#  >  > Travellers Tales in Thailand and Asia >  >  > Laos Forum >  >  > Laos Questions >  >  Laos Visa

## mtone9317

I'm presently living in Sacramento, California (USA). I want to get the visitor visa to Laos for one month. I can't seem to find any information on getting a visa here in the US. I find plenty of info on Thai and Viet visas, but none on Laos visas. 
Help would be appreciated.
 TNX

----------


## aging one

You cant enter directly from the states. Fly to Thailand. Enter from here. 30 days on arrival for about 35 bucks I think. Not sure and will stand corrected without a problem.

Lived in Chico a long long time ago. :Smile:

----------


## Thetyim

Laos Visa in USA, try here

http://www.passportvisasexpress.com/...sa-to-laos.xml

----------


## blackgang

Lived in Chico a long long time ago,, Me too AO, went to school there for a part of my 3 grade and worked up around there on the Oroville dam irrigation canals project.

Wonder why I can't get the q-Quote thing to work sometimes?

----------


## Shipm8te

The Laos Embassy in Washington, DC has information about obtaining a visa:  Untitled Document along with the application forms.

----------


## watterinja

30-day visa on arrival at the airport...

----------


## dirtydog

*Laos Embassy and Consulate listing*

----------


## robuzo

> 30-day visa on arrival at the airport...

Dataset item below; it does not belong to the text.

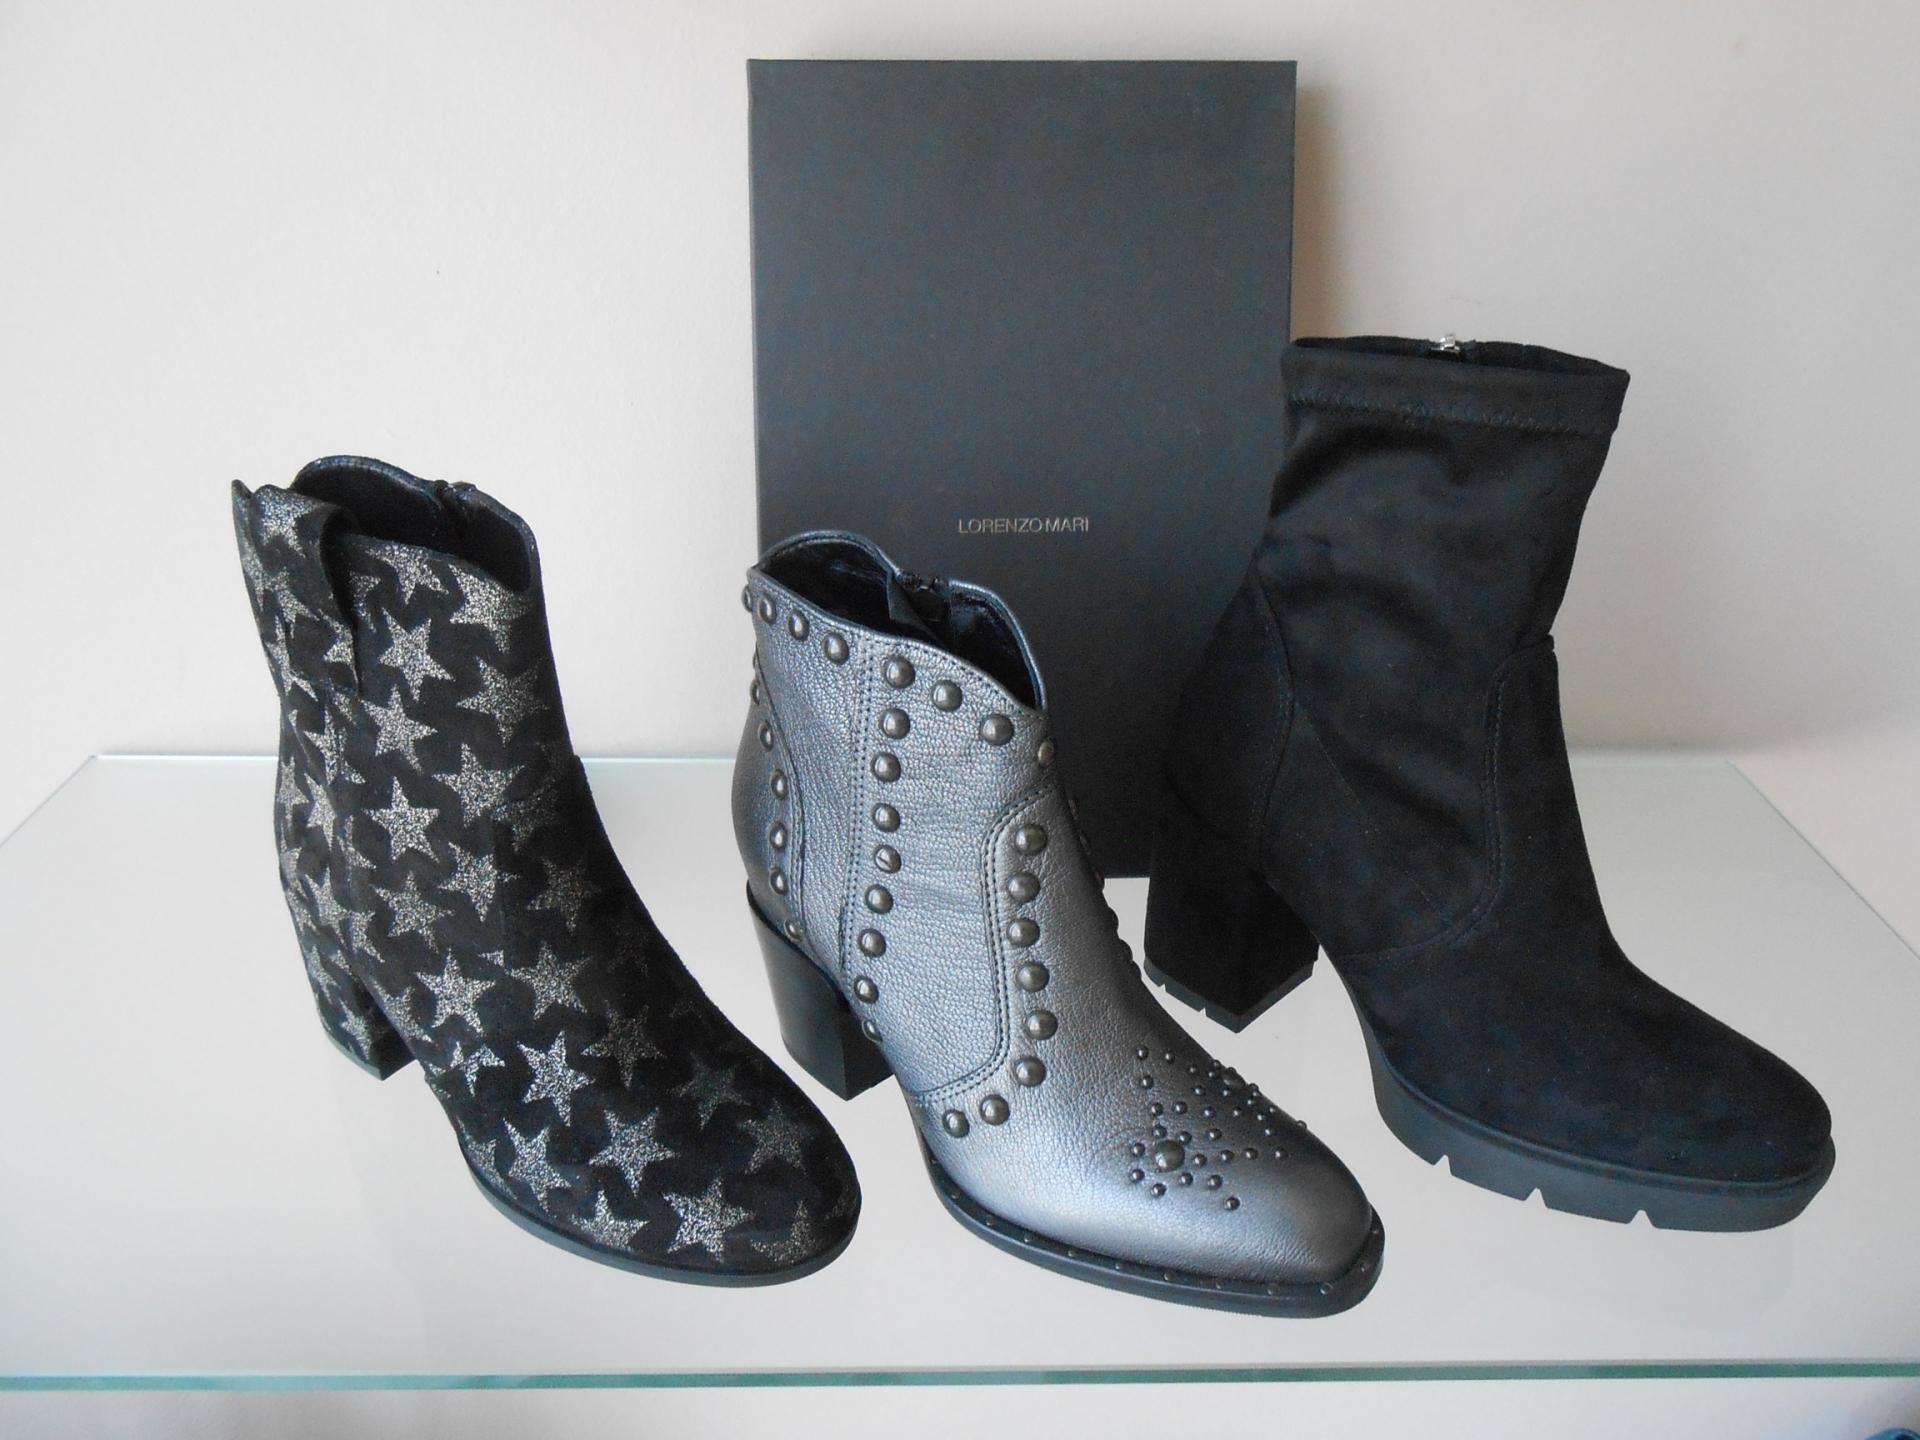 STOCK calzature donna firmate LORENZO MARI  2a9af348c22

Yes, passport photo and $35 gets you 30 days in LOAS (land of actual smiles)

----------


## MeMock

Yes to all the above. $35, bring a passport photo of yourself (bring a few) and be prepared to wait at the airport to hand over your $35 dollars.

----------


## mtone9317

> Yes to all the above. $35, bring a passport photo of yourself (bring a few) and be prepared to wait at the airport to hand over your $35 dollars.


I forgot to say I was flying into HCMC (Saigon) on the 13 of October.

----------


## Vientianeboy

Visa on arrival. $35.00 for Yanks and you need 2 passport photos.

----------


## MeMock

> Originally Posted by MeMock
> 
> 
> Yes to all the above. $35, bring a passport photo of yourself (bring a few) and be prepared to wait at the airport to hand over your $35 dollars.
> 
> 
> I forgot to say I was flying into HCMC (Saigon) on the 13 of October.


I still don't understand what this has to do with the price of fish.

----------